Depuis plus de trois heures déjà, Ghislain dormait d'un sommeil lourd et agité ;  à l'écouter se débattre sous les couvertures on devinait toute une fermentation intérieure en cette tête maussade couverte de sparadraps et illuminé de mercurochrome. De sa bouche pâteuse et zezeyante  s'échappaient des mots sans suite."

 

 

"Attention, ça va brûler.... Quelle poitrine...Fous-moi la paix... T'as vu la grosse dame, comique, Hein! ... A quoi ça lui sert de lire son bréviaire..."

 

Mais ce qu'il répétait le plus souvent c'était le prénom de Nadine et chaque fois qu'il le prononçait le visage de Ghislain devenait presqu'angélique pour retourner presqu'aussitôt à son incohérence verbale.

 

 

"Mon petit Ghislain, mon petit Ghislain, tu es vivant ... Vivant, que je suis heureuse ! Tout de noir vêtue, Madame Mignolet, suivie gauchement par son mari et Chantal pour une fois sérieuse envahissait la chambre. Un baiser tout humide vint humecter ses joues. - "Comment te sens-tu ?"

 

 

Le garçon ne répondit rien à ce flot de questions ou plutôt d'interjections ; sa mère n'attendait pas d'ailleurs une réponse précise, elle voulait simplement manifester ainsi sa joie. Monsieur Mignolet dut faire le tour du lit pour embrasser à son tour son fils en lui murmurant de sa voix sourde presqu'incompréhensible pour un non initié : "T'as eu de la chance, fiston, content de te revoir. Chantal, un peu gênée,  se contenta d'un rapide "Comment ça va Ghislain ?"

 

A présent tous trois parlaient en même temps, se parlaient d'ailleurs plutôt qu'ils lui parlaient. La tête de Ghislain redevint douloureuse, il eut envie de les renvoyer mais une sorte de pudeur le retint.
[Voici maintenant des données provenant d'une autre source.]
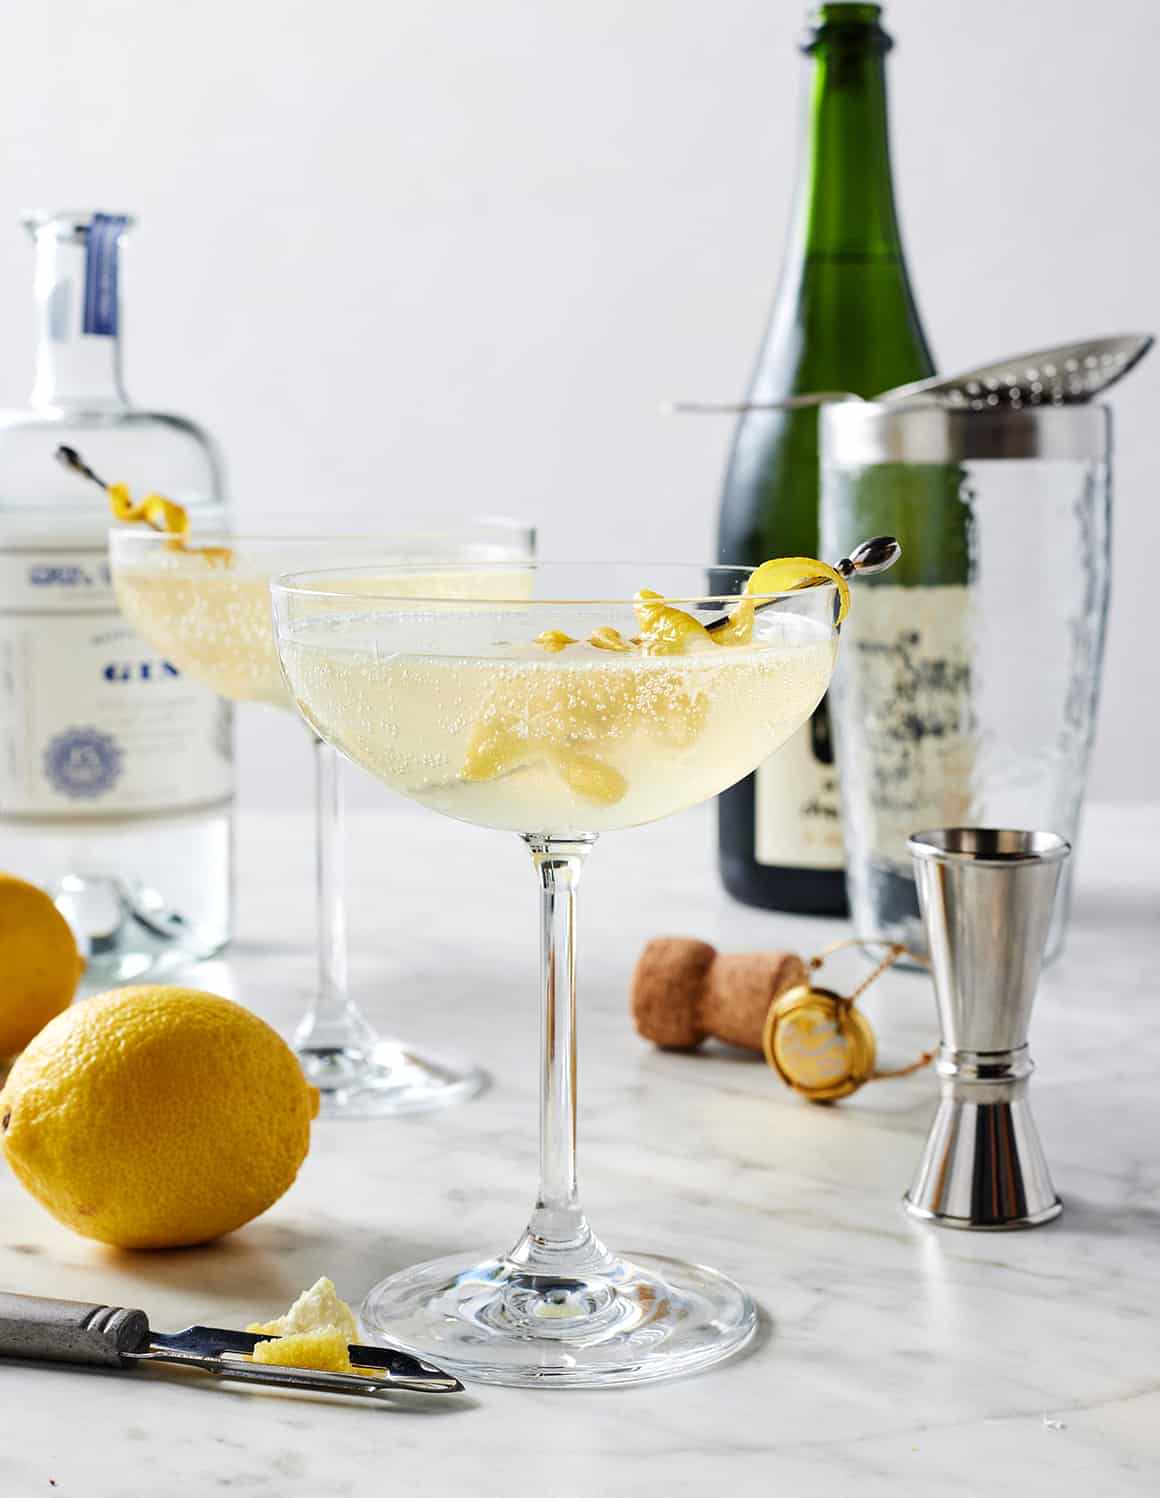 Recette de cocktail French 75 : Amour et citrons

Il se contenta de fermer les yeux et peu à peu la conversation bruyante s'estompa en sa tête comme un transistor dont on diminue le volume; finalement il n'y eut plus qu'un murmure de plus en plus lointain puis le silence.

 

"Tiens, mais il a perdu connaissance, c'est terrible !  Madame Mignolet cherchait nerveusement la sonnette mais Chantal l'interrompit avec force : "Mais non, Maman,  tu te fais de la bile pour rien, il s'est endormi tout simplement. Avec son pessimisme habituel, le père de Ghislain sortit et se précipita sur une infirmière qui calmement portait une PANE ? quelque part. "Mademoiselle, venez vite, mon fils ne va pas bien". Sans s'énerver la bonne dame vint jeter un coup d'oeuil..."Mais non, il vaut mieux le laisser dormir, revenez plus tard, cela ira sûrement mieux.

 

 

La tête de Ghislain tournoyait un peu dans la deux-chevaux qui le ramenait à la maison. "C'est drôle", cette vallée qu'il connaissait si bien, il avait l'impression de la découvrir, tant il était heureux de la retrouver aussi intacte que lui. Le voisin ne disait rien. C'était un homme assez grand à la chevelure abondante coiffée en brosse, les épaules un peu voûtées. A l'avant, à la place "du mort" Monsieur Mignolet signalait ça et là une fabrique, un point de vue qui lui rappelait son enfance.

 

Ghislain, malgré sa soif de profiter désormais à fond de la vie ne réussissait pas à échapper à l'engourdissement qui lui rappelait sans  esse les jours passés ; la voiture s'engageait déjà dans les faubourgs de la ville, il pleuvait doucement, les gens se hâtaient pour rentrer chez eux et au fur et à mesure qu'il se rapprochait de sa demeure Ghislain se sentait de mieux en mieux dans sa peau.